The U-M team started with S. gordonii and S. sanguinis because they are known to be bacteria found in the mouths of people who have good oral health outcomes, he says. Cavities filled by dentists are the result of a microbial war where bad bacteria have overgrown and produced a lot of acid that breaks down the enamel of teeth. Researchers want to understand how to prevent this dysregulation of the microbial community so they can keep that from happening by tipping the scales in favor of the good bacteria.
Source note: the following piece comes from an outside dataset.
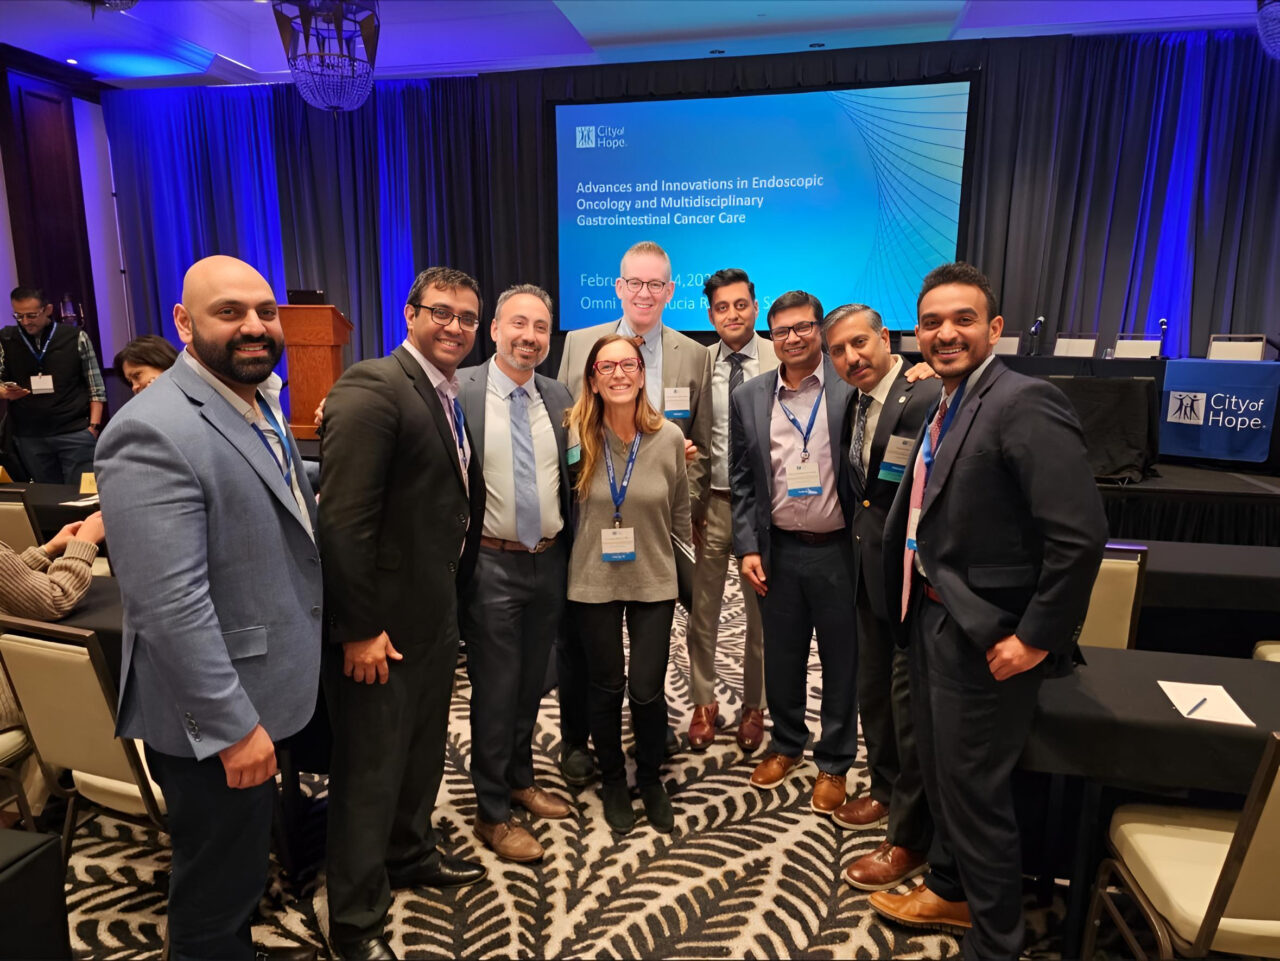 Neil Sharma: Third annual advances in innovations and endoscopic oncology and multidisciplinary gastrointestinal cancer care
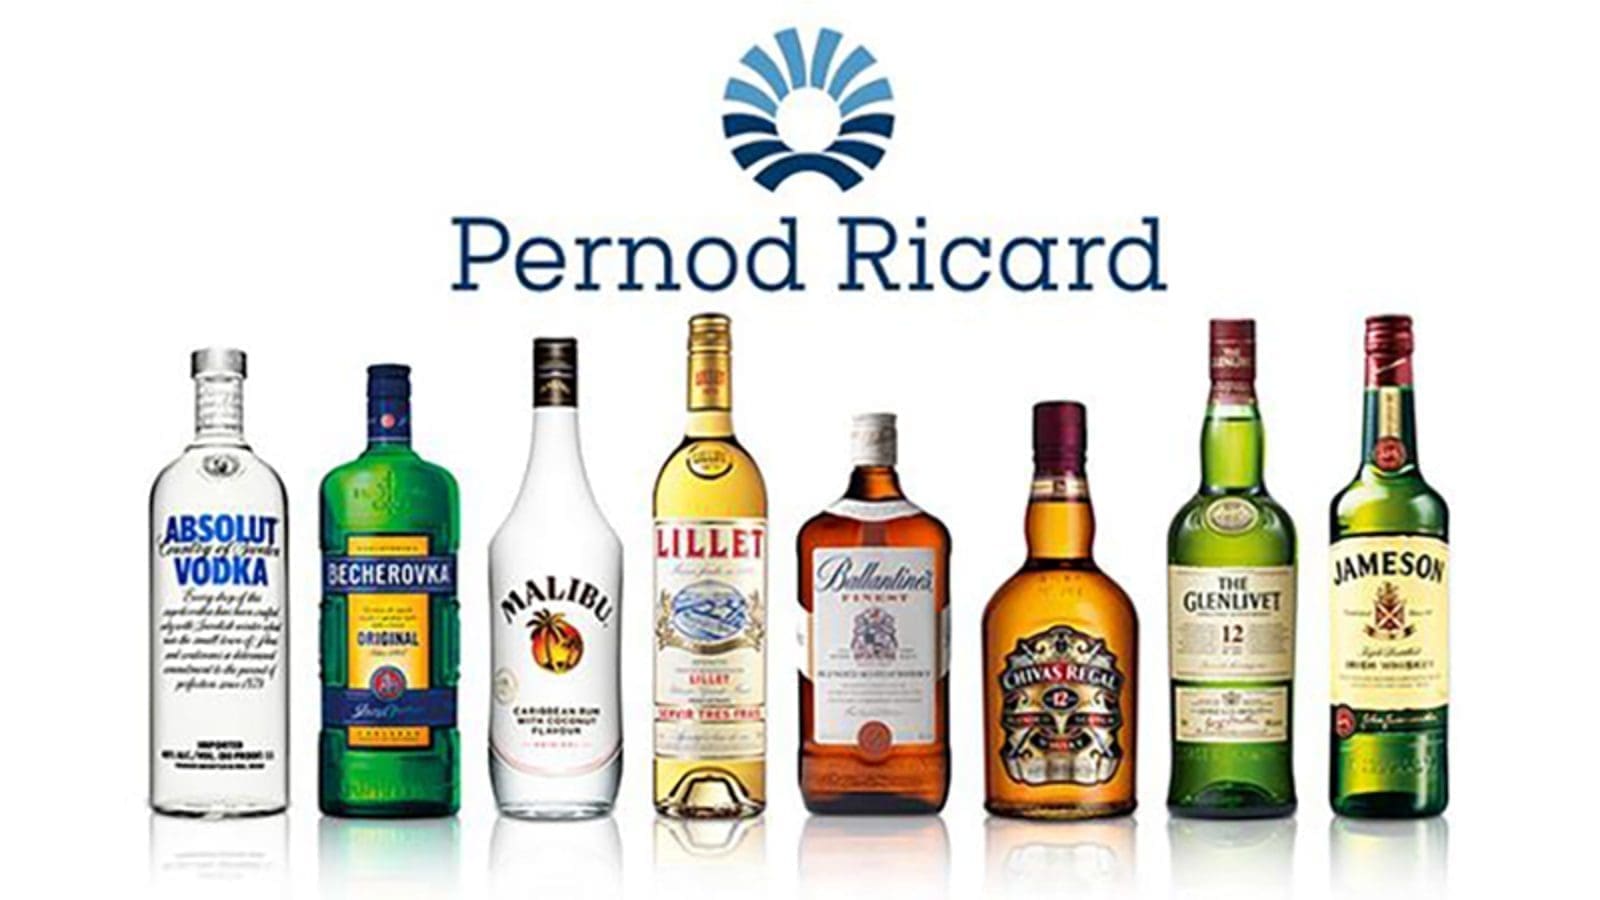 Pernod Ricard reports 10% increase in net sales for fiscal year 2022/23

Most of the work being done by the U-M bioengineers focuses on the oral microbiome, which is already being regularly reengineered by toothpastes containing baking soda to neutralize acids, fluoride to control the growth of bad bacteria, and sweeteners to promote saliva that is naturally rich in antimicrobial compounds, he points out. Beyond toothpaste additives, people might also be given advice about what they should and shouldn’t eat to help the good bacteria flourish.
On a broader scale, the data-generating AI platform could be applied to all microbes affecting our health, says Jensen. “We know there are things in our gut that show up in people who are healthier, and we want to promote those bacteria, but first we need to know what they like to eat.” If beneficial bacteria are to grow in higher abundance, they need to be fed the right diet and right now no one knows what they like and what they don’t, and what inhibits their growth.
As for the application of AI in science, the future isn’t likely to include microbiology being done in massive robotic centers but rather AI at the benchtop with small robots assisting individual scientists with whatever they happen to be studying, says Jensen. That’s what happened over time with computer mainframes, once feared to replace people but instead evolved into smaller and distributed technology in the form of smartphones and personal computers making everyone more productive.